### TASK GOAL
Write the records out again, unchanged.

(Extracted data entries)
==========
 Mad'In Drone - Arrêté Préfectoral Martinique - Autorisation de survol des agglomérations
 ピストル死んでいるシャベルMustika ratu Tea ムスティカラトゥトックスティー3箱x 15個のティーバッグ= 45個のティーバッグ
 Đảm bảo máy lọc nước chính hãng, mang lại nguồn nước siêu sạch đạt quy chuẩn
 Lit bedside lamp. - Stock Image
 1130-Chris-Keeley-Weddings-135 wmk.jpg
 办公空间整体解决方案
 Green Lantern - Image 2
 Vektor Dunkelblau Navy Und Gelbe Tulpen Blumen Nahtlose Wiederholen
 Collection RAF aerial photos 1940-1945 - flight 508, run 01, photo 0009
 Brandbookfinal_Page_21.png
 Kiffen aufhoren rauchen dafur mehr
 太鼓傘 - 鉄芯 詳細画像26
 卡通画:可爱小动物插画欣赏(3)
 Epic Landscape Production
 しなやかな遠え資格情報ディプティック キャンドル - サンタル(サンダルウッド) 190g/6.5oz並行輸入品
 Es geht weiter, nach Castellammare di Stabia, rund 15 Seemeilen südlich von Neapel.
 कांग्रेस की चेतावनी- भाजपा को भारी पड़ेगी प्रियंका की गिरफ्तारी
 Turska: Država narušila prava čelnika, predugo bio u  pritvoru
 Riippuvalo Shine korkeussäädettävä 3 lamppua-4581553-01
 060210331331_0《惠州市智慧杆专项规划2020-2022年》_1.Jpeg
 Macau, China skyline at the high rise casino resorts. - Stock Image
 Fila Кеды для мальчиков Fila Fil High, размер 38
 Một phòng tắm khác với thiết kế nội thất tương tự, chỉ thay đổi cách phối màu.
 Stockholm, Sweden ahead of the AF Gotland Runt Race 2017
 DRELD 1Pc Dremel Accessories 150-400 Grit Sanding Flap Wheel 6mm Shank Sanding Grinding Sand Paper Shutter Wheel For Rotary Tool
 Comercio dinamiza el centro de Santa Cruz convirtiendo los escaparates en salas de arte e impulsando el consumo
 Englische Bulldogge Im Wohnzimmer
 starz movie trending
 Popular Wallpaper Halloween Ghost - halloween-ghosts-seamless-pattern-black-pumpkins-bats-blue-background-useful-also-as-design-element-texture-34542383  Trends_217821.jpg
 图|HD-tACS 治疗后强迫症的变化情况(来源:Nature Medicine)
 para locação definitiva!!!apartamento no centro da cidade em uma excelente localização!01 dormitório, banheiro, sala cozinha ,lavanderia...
==========
### TASK OUTPUT
 Mad'In Drone - Arrêté Préfectoral Martinique - Autorisation de survol des agglomérations
 ピストル死んでいるシャベルMustika ratu Tea ムスティカラトゥトックスティー3箱x 15個のティーバッグ= 45個のティーバッグ
 Đảm bảo máy lọc nước chính hãng, mang lại nguồn nước siêu sạch đạt quy chuẩn
 Lit bedside lamp. - Stock Image
 1130-Chris-Keeley-Weddings-135 wmk.jpg
 办公空间整体解决方案
 Green Lantern - Image 2
 Vektor Dunkelblau Navy Und Gelbe Tulpen Blumen Nahtlose Wiederholen
 Collection RAF aerial photos 1940-1945 - flight 508, run 01, photo 0009
 Brandbookfinal_Page_21.png
 Kiffen aufhoren rauchen dafur mehr
 太鼓傘 - 鉄芯 詳細画像26
 卡通画:可爱小动物插画欣赏(3)
 Epic Landscape Production
 しなやかな遠え資格情報ディプティック キャンドル - サンタル(サンダルウッド) 190g/6.5oz並行輸入品
 Es geht weiter, nach Castellammare di Stabia, rund 15 Seemeilen südlich von Neapel.
 कांग्रेस की चेतावनी- भाजपा को भारी पड़ेगी प्रियंका की गिरफ्तारी
 Turska: Država narušila prava čelnika, predugo bio u  pritvoru
 Riippuvalo Shine korkeussäädettävä 3 lamppua-4581553-01
 060210331331_0《惠州市智慧杆专项规划2020-2022年》_1.Jpeg
 Macau, China skyline at the high rise casino resorts. - Stock Image
 Fila Кеды для мальчиков Fila Fil High, размер 38
 Một phòng tắm khác với thiết kế nội thất tương tự, chỉ thay đổi cách phối màu.
 Stockholm, Sweden ahead of the AF Gotland Runt Race 2017
 DRELD 1Pc Dremel Accessories 150-400 Grit Sanding Flap Wheel 6mm Shank Sanding Grinding Sand Paper Shutter Wheel For Rotary Tool
 Comercio dinamiza el centro de Santa Cruz convirtiendo los escaparates en salas de arte e impulsando el consumo
 Englische Bulldogge Im Wohnzimmer
 starz movie trending
 Popular Wallpaper Halloween Ghost - halloween-ghosts-seamless-pattern-black-pumpkins-bats-blue-background-useful-also-as-design-element-texture-34542383  Trends_217821.jpg
 图|HD-tACS 治疗后强迫症的变化情况(来源:Nature Medicine)
 para locação definitiva!!!apartamento no centro da cidade em uma excelente localização!01 dormitório, banheiro, sala cozinha ,lavanderia...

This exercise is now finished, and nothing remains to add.